The Commission adopted a Communication on the minimum standards for consultation in December 2002. The objective was to create a transparent and coherent general framework for consultation, yet one that was flexible enough to allow Commission departments to adapt their consultation methods to particular policy areas. The overall rationale was to ensure that interested parties are properly heard in the Commission’s policy-making process.
The minimum standards apply to consultations on the Commission’s major policy proposals for which an impact assessment is required; these proposals are listed in the Commission’s Annual Work Programme. The minimum standards also apply to consultations on Green Papers. Commission departments are encouraged to apply these standards to other consultation exercises as well. However, certain consultation tools are exempted from application of the minimum standards. These include decisions taken by a process involving formal consultation of the Member States (i.e. the committees procedure), consultation under the “ social dialogue” (Articles 137 to 139 of the EC Treaty) and consultations required under international agreements. The general principles and minimum standards are not legally binding.

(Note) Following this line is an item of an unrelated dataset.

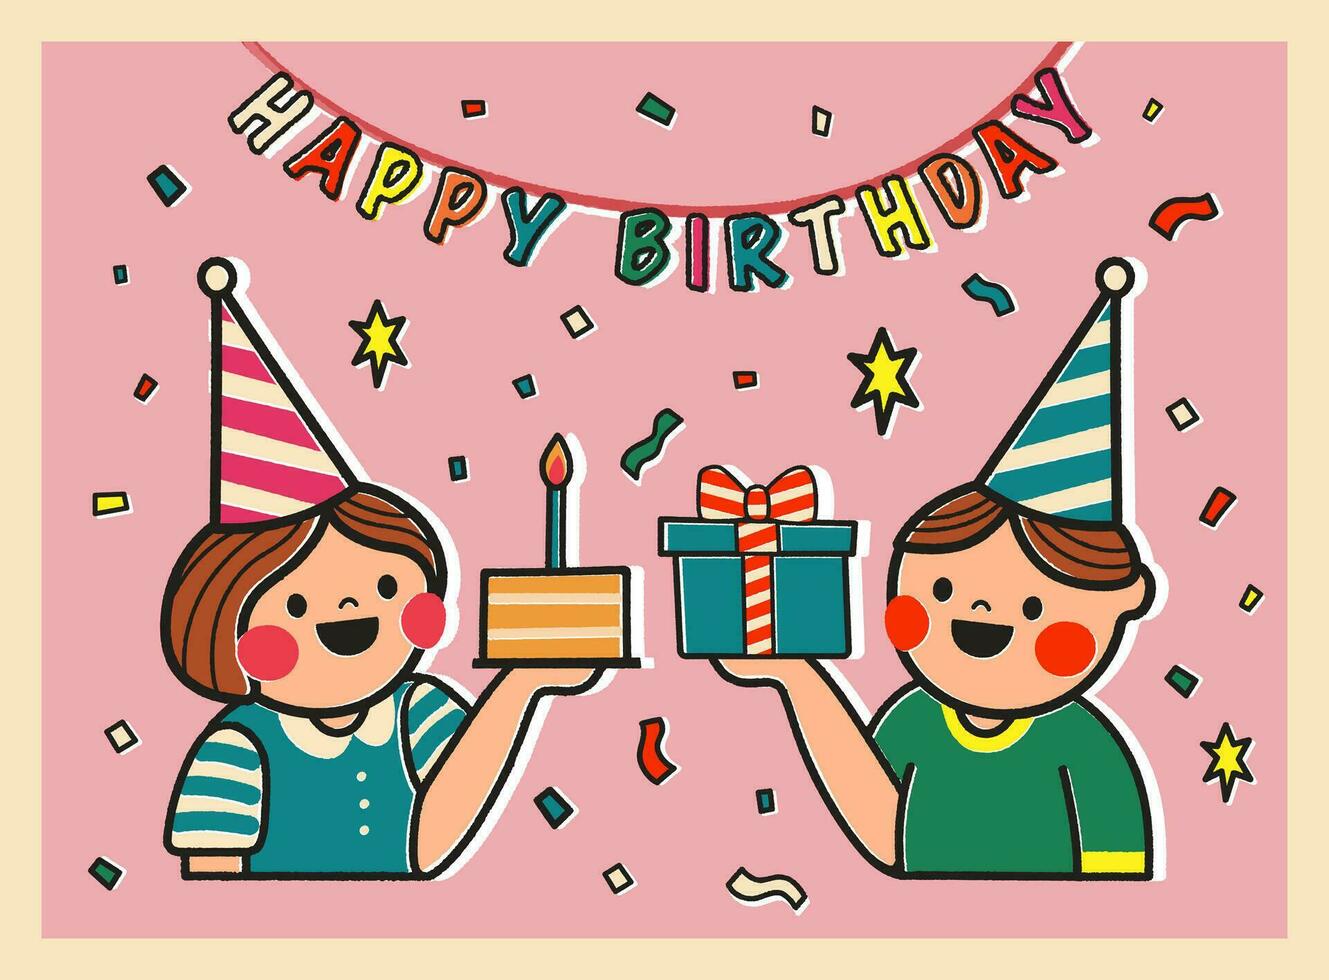 Happy birthday card with cartoon boy and girl holding a gift and cake illustration on pink background. Sticker style greeting card in retro style. Cute postcard for child or design for your brand. vector

The Communication defines “ consultations” as those processes through which the Commission wishes to trigger input from interested parties for the shaping of policy prior to a decision by the Commission. “ Interested parties” means all who wish to participate in consultations run by the Commission, whether they are organisations or private citizens.
The minimum standards have been in force since the beginning of 2003. By the end of 2005 the Commission had completed more than one hundred major proposals to which the minimum standards applied. In addition, the Commission published 26 Green Papers over these three years, to which the standards also applied.
Over this period, the general assessment was that overall compliance is good. The Better Lawmaking reports state that most of the minimum standards have been properly applied by the Commission departments. In particular, the single access point for consultation, the “Your Voice in Europe” web portal, is widely used to publicise new open public consultations. The minimum time limits for responses seem to have been met in most cases. The impact assessment reports reported on the consultation processes and results in a transparent manner. However, contributions to open public consultations were not published on the internet in every case. There were also cases of insufficient feedback on how comments received via consultations were or were not taken into account in the final policy proposal from the Commission.
It is important for the Commission to seek feedback from the participants in the consultation processes - interested parties who have first-hand experience of consultations and of the application of the consultation standards, bearing in mind that these standards apply only to (i) major policy proposals on which an impact assessment is required and (ii) Green Papers. This feedback will enable the Commission to identify possible room for improvement in application of these standards and to consider possible further steps to tighten up application of the standards.
In your view, has the Commission applied the general principles and minimum standards for consultation in a satisfactory manner? You may refer to the individual standards (provided, for ease of reference, in Annex 2).
Please give reasons for your reply and, where appropriate, provide examples.
IV. DISCLOSURE OF BENEFICIARIES OF COMMUNITY FUNDS
The European Commission is committed to raising awareness of the use made of EU money, notably by explaining better what Europe does and why it matters. The Commission is responsible for implementing the EU budget. It is accountable to the taxpayer and considers it to be in the general public interest to provide information on how EU funds are spent.
Although modern mass communication tools open up unprecedented opportunities for public access to information, European citizens regrettably feel that they have relatively limited knowledge about the European Union. At the same time, citizens have growing expectations of greater transparency in public institutions. As is increasingly the case in other spheres of life, the public expects to be able to access desired information “on demand” in a user-friendly form. The EU, as a driver of change and modernity, wishes to be at the forefront of this development.
Preparing information for release to the public is often associated with an additional administrative burden. The Commission considers that this is a necessary investment in public support.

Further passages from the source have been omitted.